La curadora y crítica, Tahía Rivero, quien fuera gran amiga de Obregón, confirma, en entrevista, que: «La fotografía capta un momento en que Roberto Obregón siembra una rosa, una acción que repitió en muchos lugares y ocasiones, una de ellas, por cierto, se hizo en la Galería de Arte Nacional (GAN) en su homenaje, una vez que él ya había muerto, porque él había hecho esa acción en el jardín de la GAN, hoy Museo de Bellas Artes.»

—Para Roberto -sigue Tahía Rivero- el mundo se encierra en la forma de una flor y en todas las simbologías que ella envuelve. Para él era muy importante tomar un objeto cotidiano, con esa simbología agotada como la rosa, y resignificarla: que esa flor recree una realidad vista, agotada, deja de ser importante, porque él nos propone distintas lecturas de la rosa, justamente haciendo una analogía entre el trabajo que él llevaba adelante, que eran Las Disecciones, la disección de la rosa y la del cuerpo humano.

En un ensayo publicado en la revista Estilo, en febrero de 2020, Ariel Jiménez explicó esta etapa del trabajo de Obregón:

«Disecciones. Tan pronto como, hacia 1974-75, Obregón decide emplear la disección de una rosa como herramienta básica de lenguaje, la gran mayoría de su producción se dedica a explorar, y explotar, su rica estratificación simbólica. Así, cuando busca poner en juego su idea de un tiempo cíclico, no solo enumera los pétalos al derecho y al revés, sino que además los organiza en triángulos (referencia directa a la alquimia), los asocia a los símbolos presocráticos de los cuatro elementos, recurre a un imaginario milenario –ese que en Heráclito lo asimila a la corriente de un río– y, por último, acude a esquemas científicos contemporáneos, el llamado ciclo hidrológico. Lo hace, pues, deshojando una a una las capas conceptuales desde las cuales pensamos el tiempo. Cuando, por el contrario, se centra en la noción del accidente, dispone los pétalos en secuencias regulares, en una sucesión de columnas y filas.
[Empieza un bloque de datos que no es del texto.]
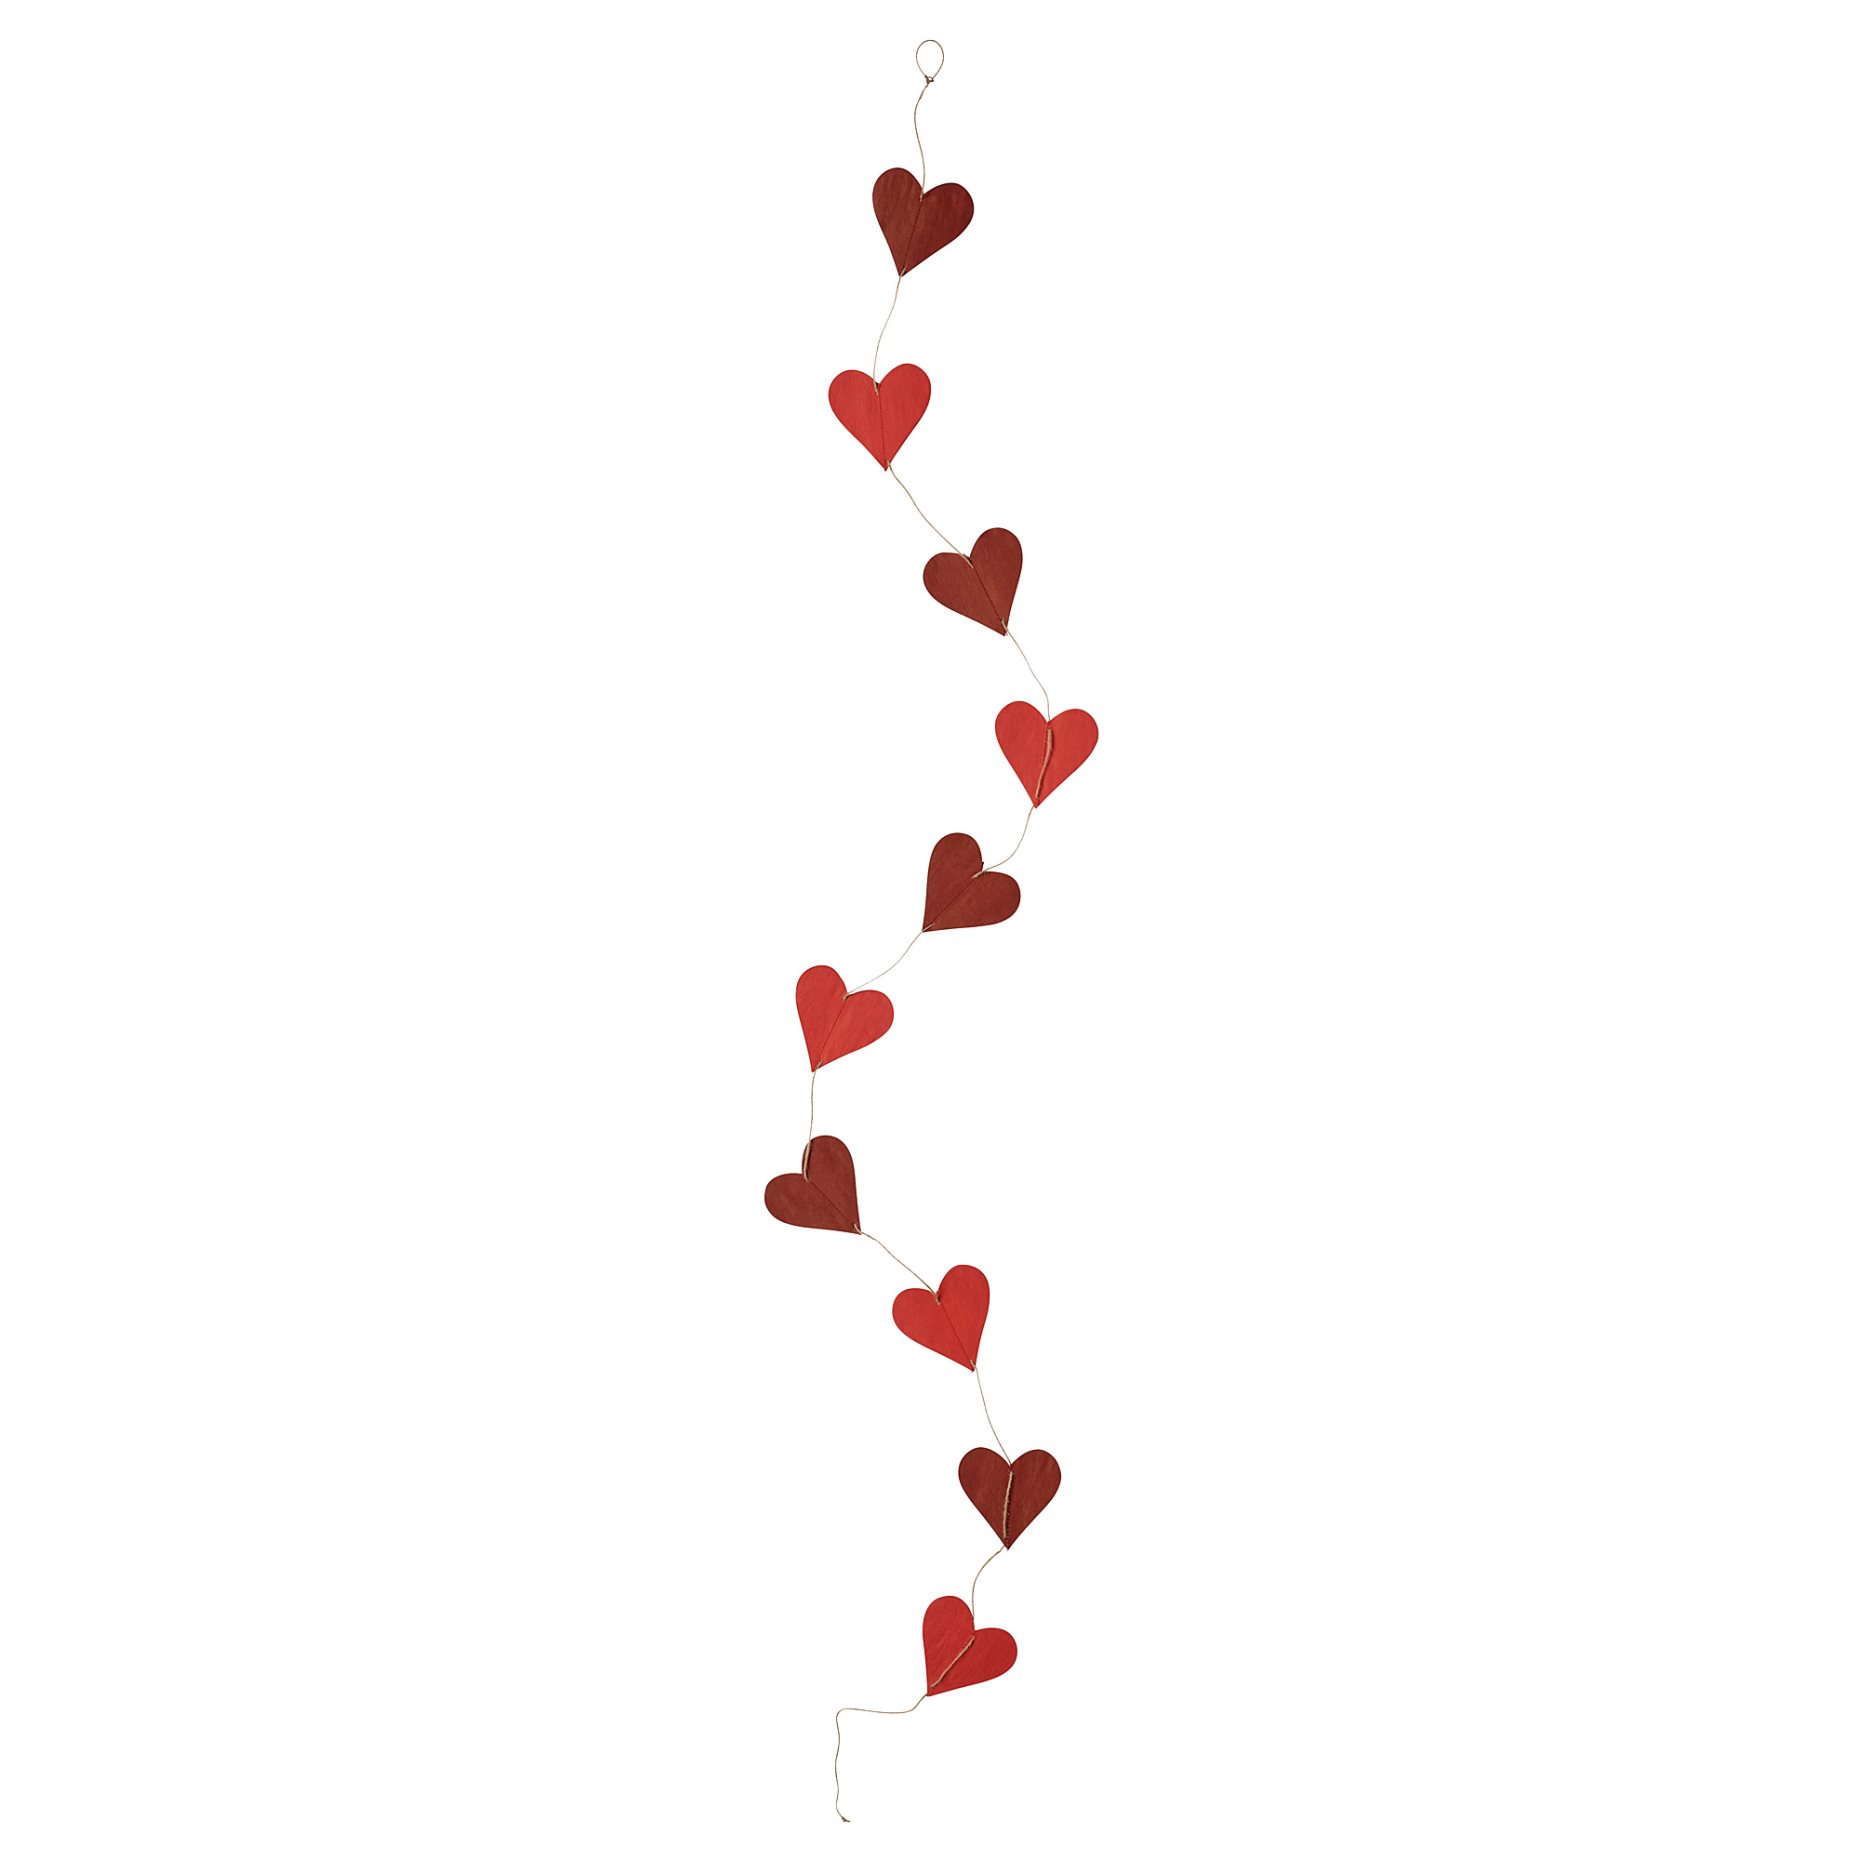 VINTERFINT, γιρλάντα/χειροποίητο σε σχήμα καρδιάς, 1.8 m, 105.245.12
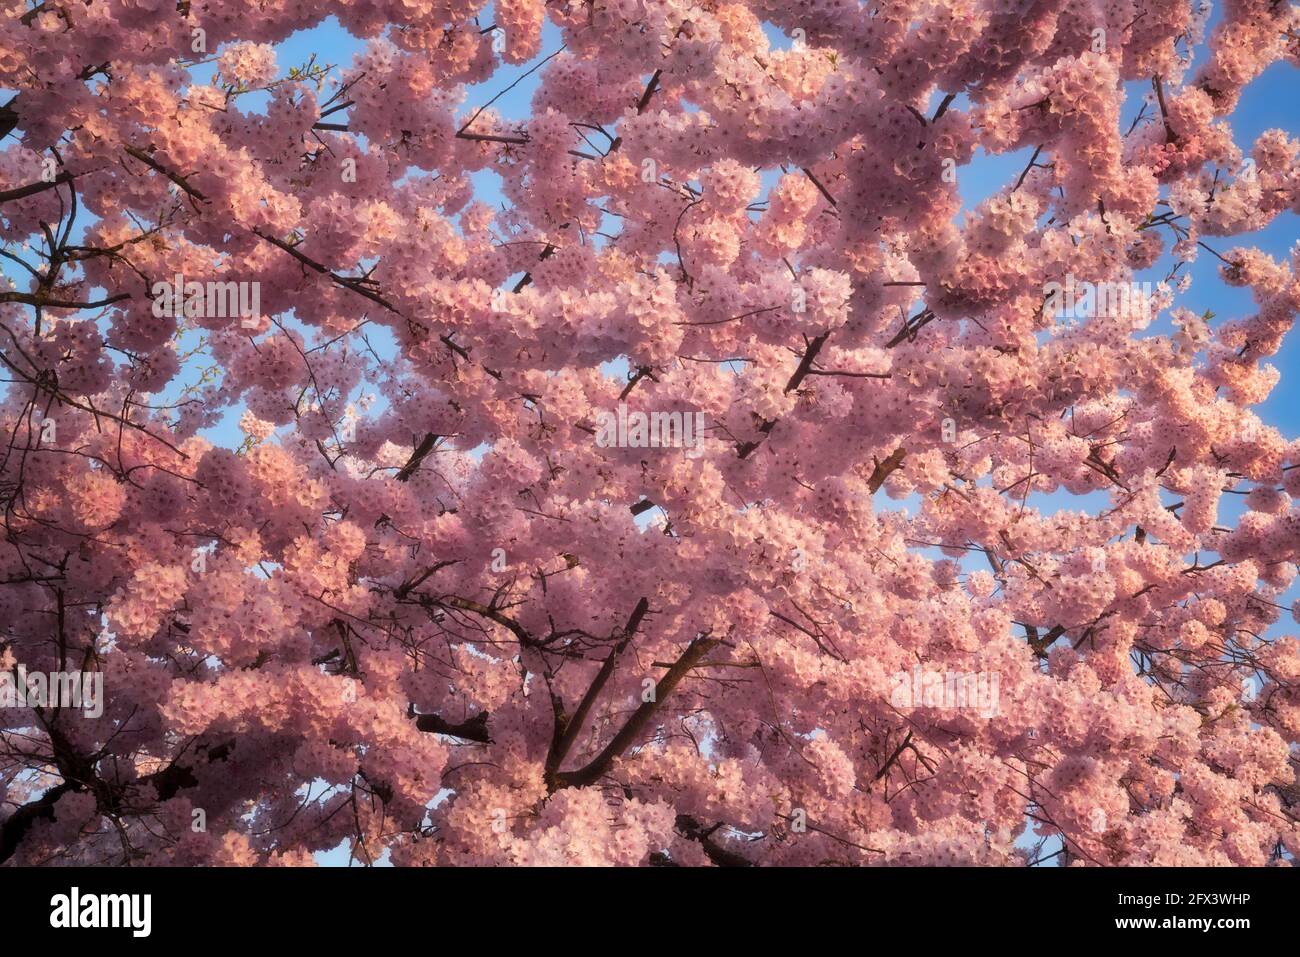 La luz de la tarde brilla en estos árboles de cerezo japoneses que florecen en primavera y se encuentran entre muchos barrios urbanos del condado de Multnomah en Oregón. Foto de stock

Y allí, en medio de esas rigurosas seguidillas, de repente se pierde alguno de sus pétalos, o su numeración se disloca, generando una discontinuidad inesperada e inexplicable que emplea luego para abordar los más diversas preocupaciones, como la fragilidad de la vida, la enfermedad y la muerte, la singularidad de todo individuo. Sus disecciones son, así, una verdadera herramienta de lenguaje, no la simple organización formal de sus pétalos.»

Tahía Rivero completa: 

«Todo el trabajo con relación a la rosa de Roberto Obregón propone eso, lecturas sublimadas de la naturaleza, del dolor, el tiempo, lo femenino … es también una crónica de la vida y de la muerte, un elogio a la florescencia, a la belleza, a la exuberancia, así como a la agonía, al fallecimiento tranquilo, adormecido, porque Roberto Obregón se refugia en el arte para cambiar, transfigurar, el lugar común, para sentirse libre, para expresar su vida con libertad; y, sobre todo, para seguir un dictamen personal.»

Roberto Obregón representó a Venezuela en la Bienal de Venecia de 1997; en 1998 en la Bienal de Estambul; y en 2013, en la Bienal de São Paulo, donde se mostró una antología completa sobre su obra.